Zwei andere Fälle aus Ingolstadt und dem Umland belegen, wie sehr das System am Limit arbeitet. So hatte sich eine 30-jährige Ingolstädterin - fast schon verzweifelt - an unsere Redaktion gewandt, weil sie nicht mehr weiter wusste. Sie war am 21. März auf eine Corona-Infektion getestet worden und wartete 17 (!) Tage in Quarantäne auf das Ergebnis. Zweieinhalb Wochen, in denen sie nicht einmal für einen Gang zum Einkaufen das Haus verlassen durfte - und sie hielt sich brav daran. Nachfragen bei der KVB brachten ihr nichts, der Vorgang sei noch offen, bekam sie nach eigenem Bekunden zu hören. Gleichzeitig erhielt sie die Aufforderung, daheim zu bleiben, andernfalls riskiere sie Strafen. Vorgestern schrieb die Frau in ihrer Not eine E-Mail an das Ingolstädter Gesundheitsamt. "Ich muss sagen, dort haben sie sofort reagiert. Ich habe einen Anruf bekommen, eine Ärztin hat mich zu meinem Zustand befragt und anschließend die Quarantäne aufgehoben. Mein Ergebnis habe ich aber immer noch nicht."
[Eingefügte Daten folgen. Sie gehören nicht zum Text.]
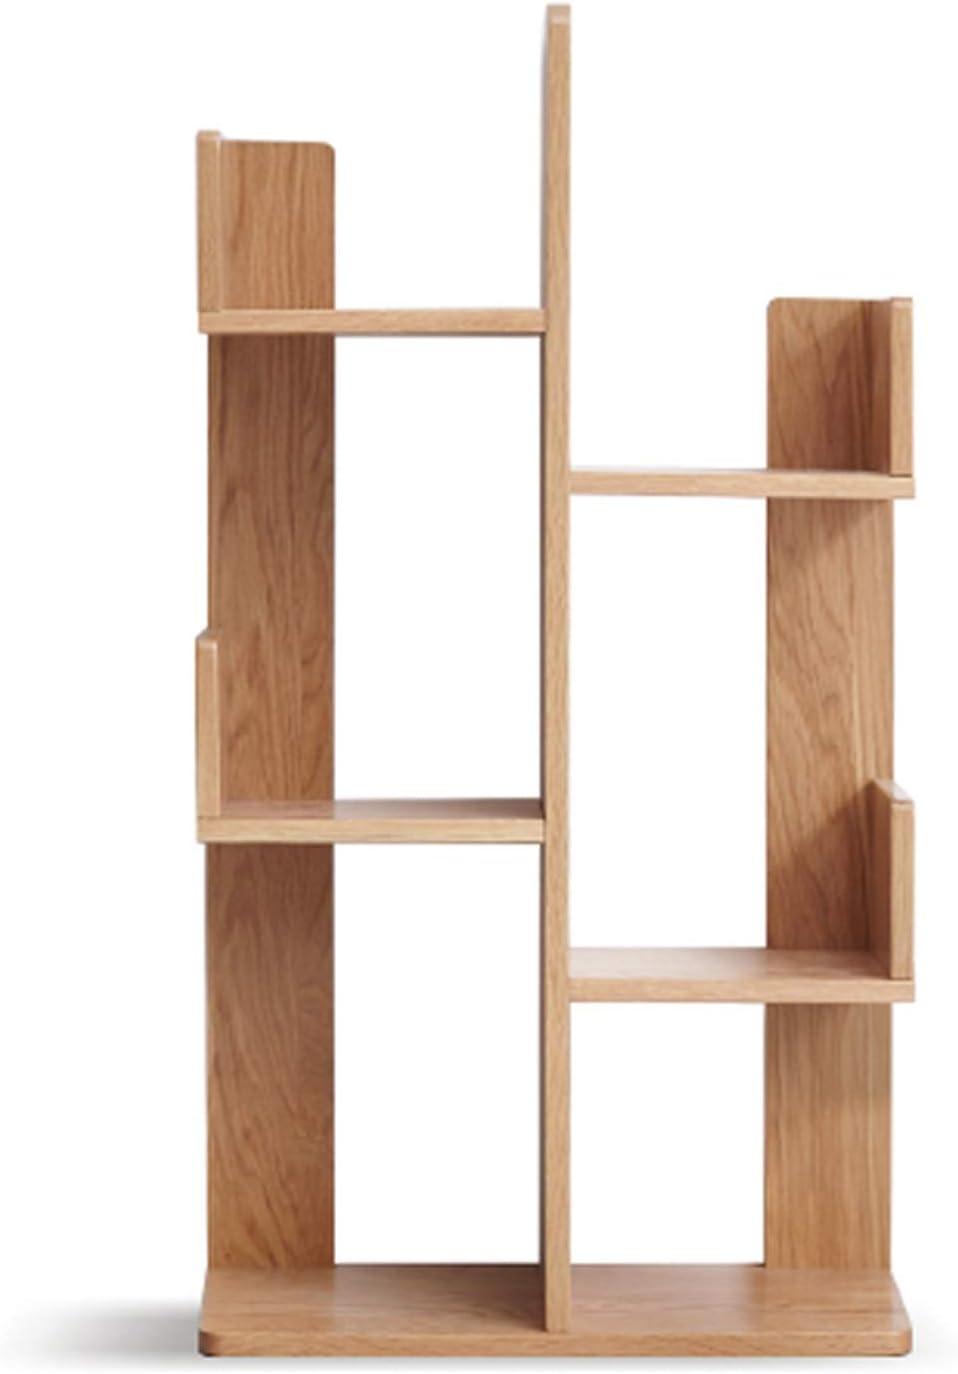 Bookshelf Wooden 3-Tier Courier shipping free Freestanding Under blast sales Mu Floor Standing

Ähnlich nervenzehrende Erfahrungen machte eine Familie aus dem Kreis Neuburg-Schrobenhausen. Die Mutter (48) und der Sohn (23) hatten schwere Symptome wie Atemprobleme und Husten. Am 20. März hatte die KVB sie getestet. Als nach elf Tagen keine Rückmeldung erfolgt war, habe sie beim Arzt, im Gesundheitsamt und bei der KVB nachgehakt. "Das Schlimme ist: Jeder sagt dir etwas anderes, am Schluss kennst du dich gar nicht mehr aus." Nach zwei Wochen in heimischer Klausur ging sie zurück in die Arbeit, aber das Ergebnis der Abstriche fehlt bis heute, 18 Tage später. "Wir verstehen, dass die Ämter sehr viel zu tun haben", sagte die 48-Jährige. Aber dass keine Rückmeldung erfolgt, sei unverantwortlich. Jeder in der Familie habe sein Telefon ständig mit sich getragen, doch es kam nichts,

Positive Befunde laufen über das jeweilige Gesundheitsamt, aber die machen nur rund neun Prozent der Tests aus. Die restlichen 91 Prozent - in Zahlen bedeutet das etwa 38000 Fälle - muss die KVB abarbeiten. Die Zeitangaben zur Mitteilung des negativen Ergebnisses könnten aber nur vage ausfallen, da es zahlreiche Unwägbarkeiten gibt, teilte KVB-Sprecher Axel Heise mit. Alle Prozesse seien "unter erheblichem Zeitdruck implementiert" worden, die Corona-Pandemie bedeute eine "singuläre Ausnahmesituation", umschrieb er die angespannte Lage.

"Manchmal liegt es auch daran, dass Nachrecherchen notwendig oder die Leute schlicht nicht erreichbar sind." Um den Informationsfluss zu beschleunigen, wolle man nun SMS verschicken. "Dazu brauchen wir aber die Handynummern der Betroffenen, die wir erst neuerdings mit erfassen."